# Generative AI

Generative AI helps mimic or approximate human ability such as generation of images from text or writing a easy with a given prompt using chatbots.

So foundational models for generative AI is LLM, which are trained on huge data(trillions of words) for weeks and months with biliions of parameter. These foundational model is also known as base model and its relative size is depend on models memory. More parameter model has more memory it has and better the model is. Also we can finetune it further for any specific task.

![image.png](attachment:image.png)

Incontrast LLMs are able to take human instructions through prompts and perform task that human would. These prompts are human written instructions to model. Normally these prompts has certain limits on number of words(usually 1000 words), this is known as **Context Window** of prompt and in model it is denoted by "max_new_tokens" parameter.

After models inference whatever text it has generated is known as completion.

![image-2.png](attachment:image-2.png)

Use cases: Easy writing, document summarization, language translation, entity extraction, code generation, to get information

## History
Historicaly we have been developing generative models, using RNN's sequence to sequence architecture or transformer's encoder or decoder or both architecture.

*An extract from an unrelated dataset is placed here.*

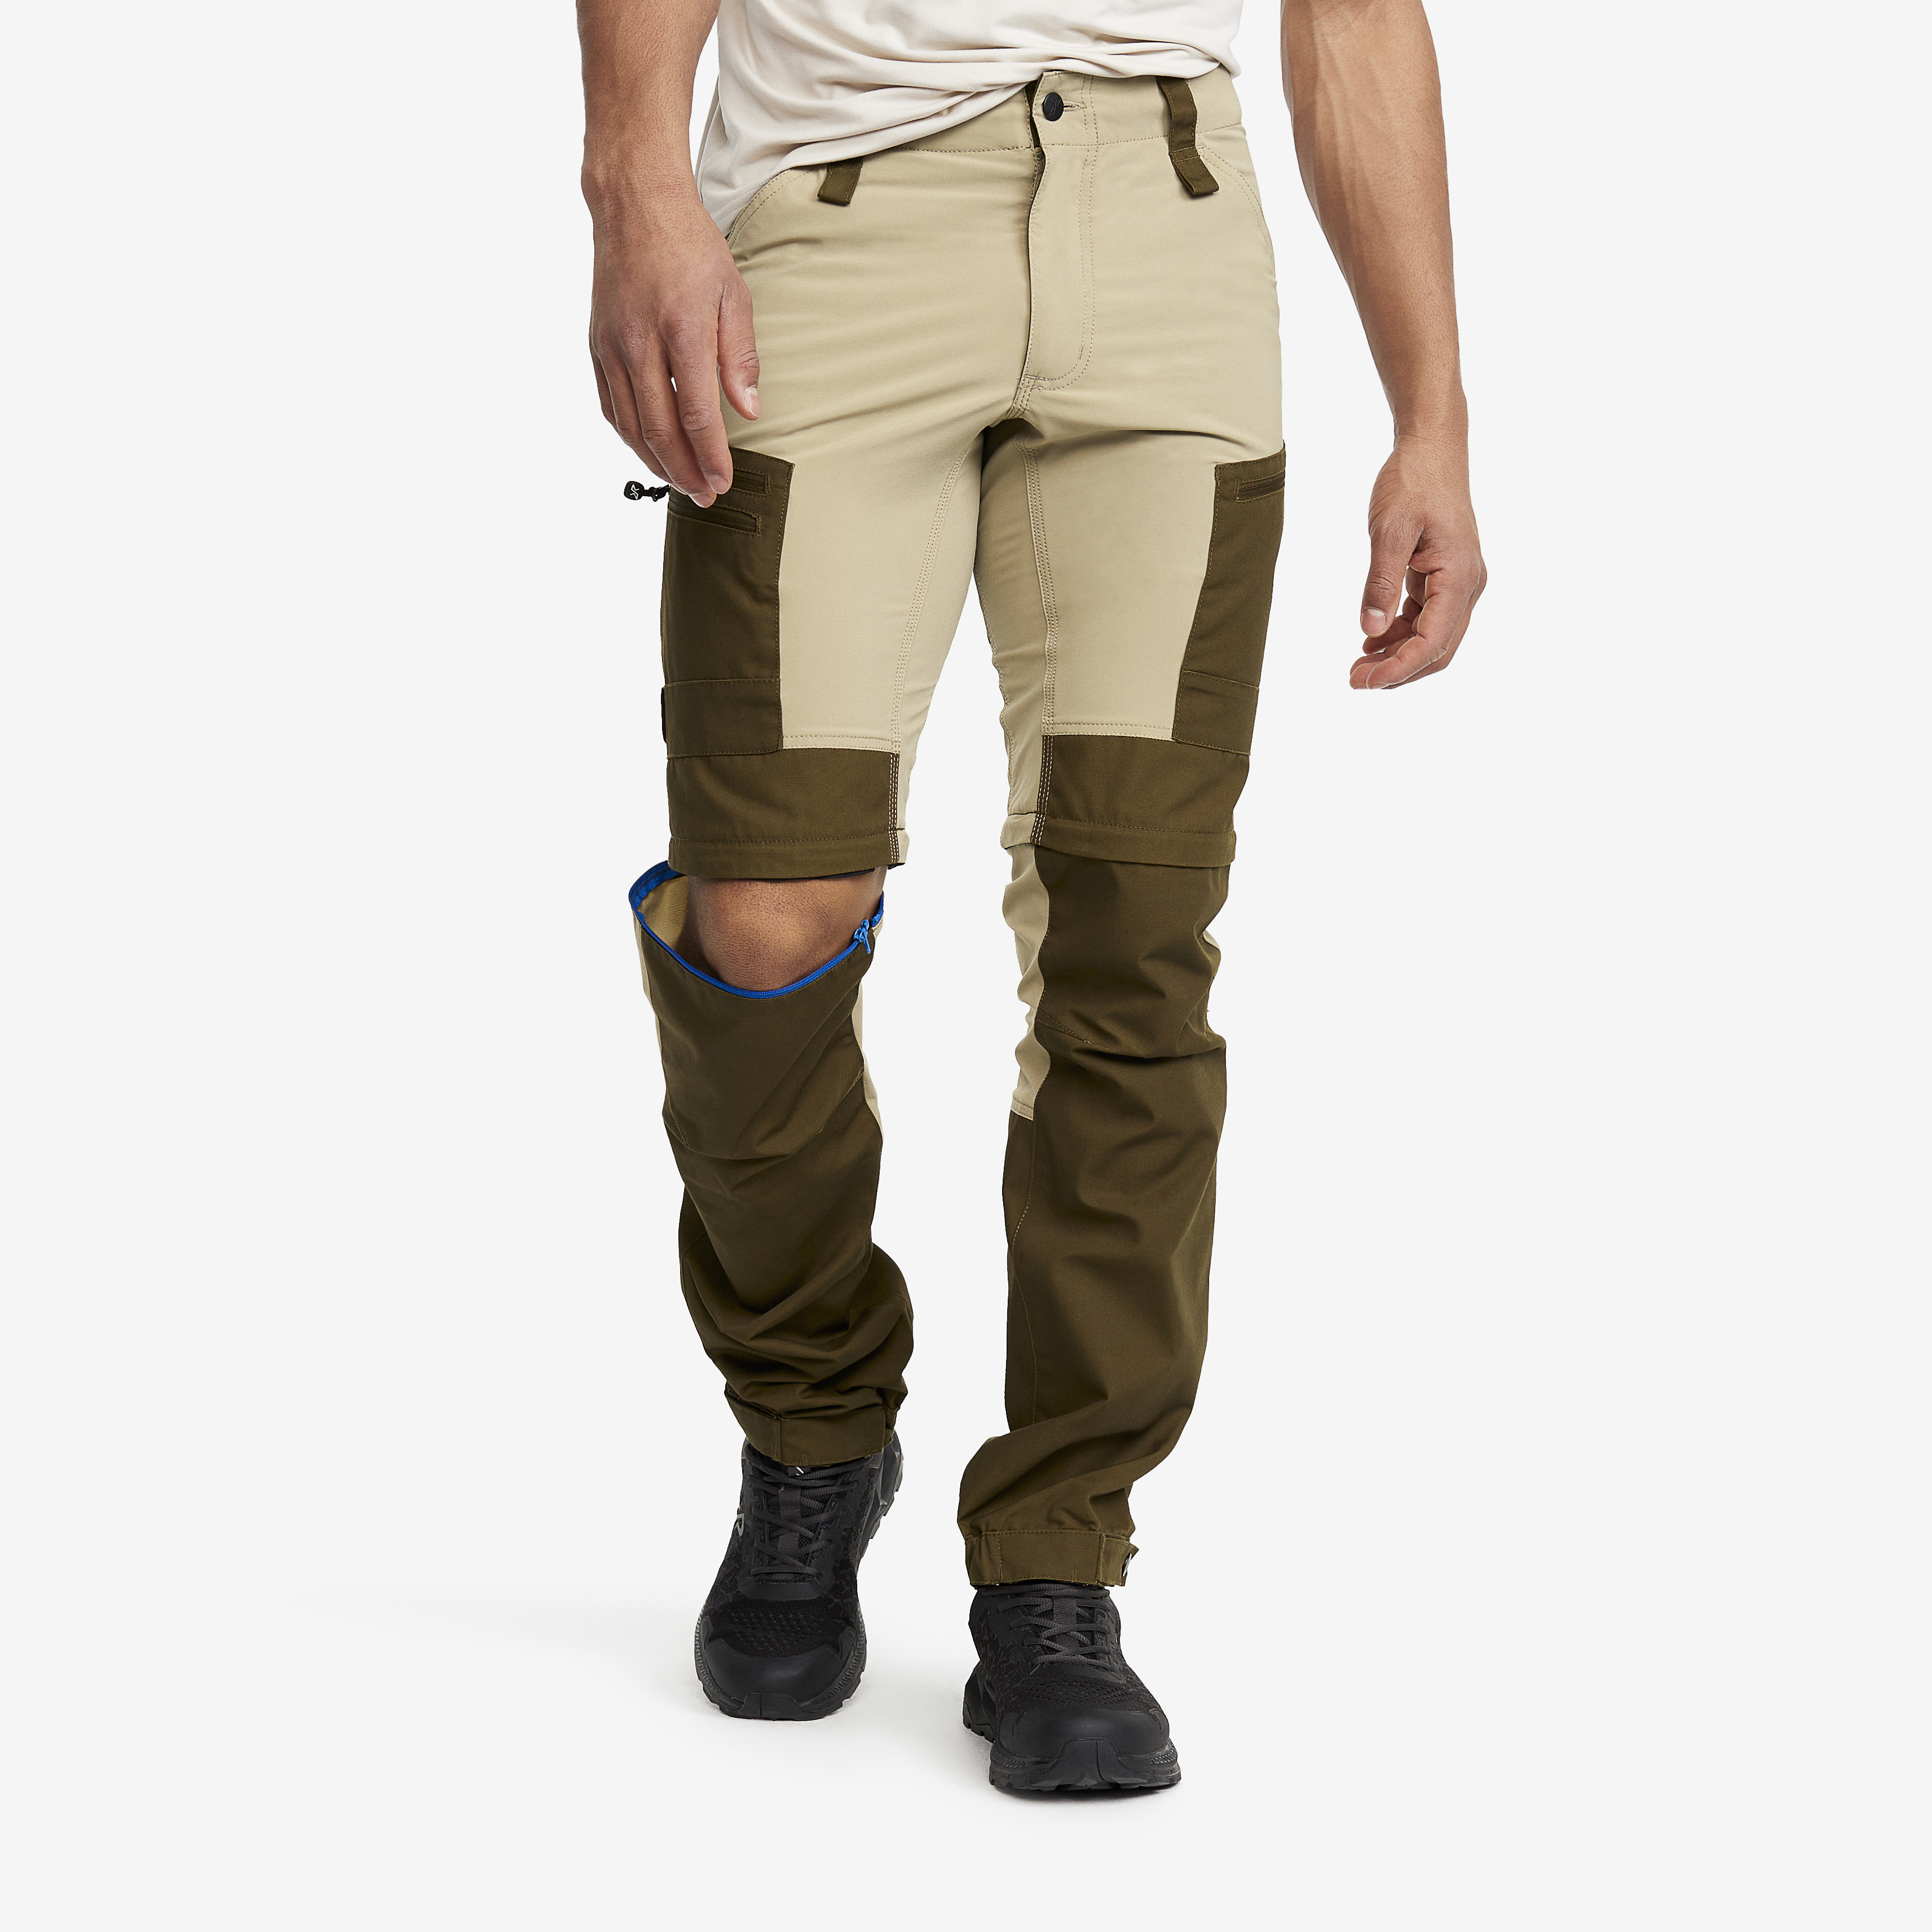 Only  Sons slim fit cargo trouser in beige  ASOS

In transformers, we can see models build using only encoder part of transformer architecture (BERT), also models are using both encoder and decorder architecture from transformer (Bard). Finally decoder only models are from GPT family, Bloom, LLaMa,jurassic,Falcon etc.

## Prompt engineering

**Prompt**: Instructions to model<br>
Completion: Generating output<br>
**Context Window**: Full amount of memory or text that is used for prompt<br>

**Prompt engineering** :Sometimes model doesn't produce desired results during that time we may have to change or revise prompts feeded to model.<br>

**Incontext learning**:Sometimes even after writing clear prompts model doesn't give exact results, so we also need to provide example to the model. This is known as in-context learning.<br>

**Zero shot inference**: In this model produces desired output without providing any examples to model via prompt. Models with large number of parameters are good in it but models with shorter parameters struggles to produce desired results.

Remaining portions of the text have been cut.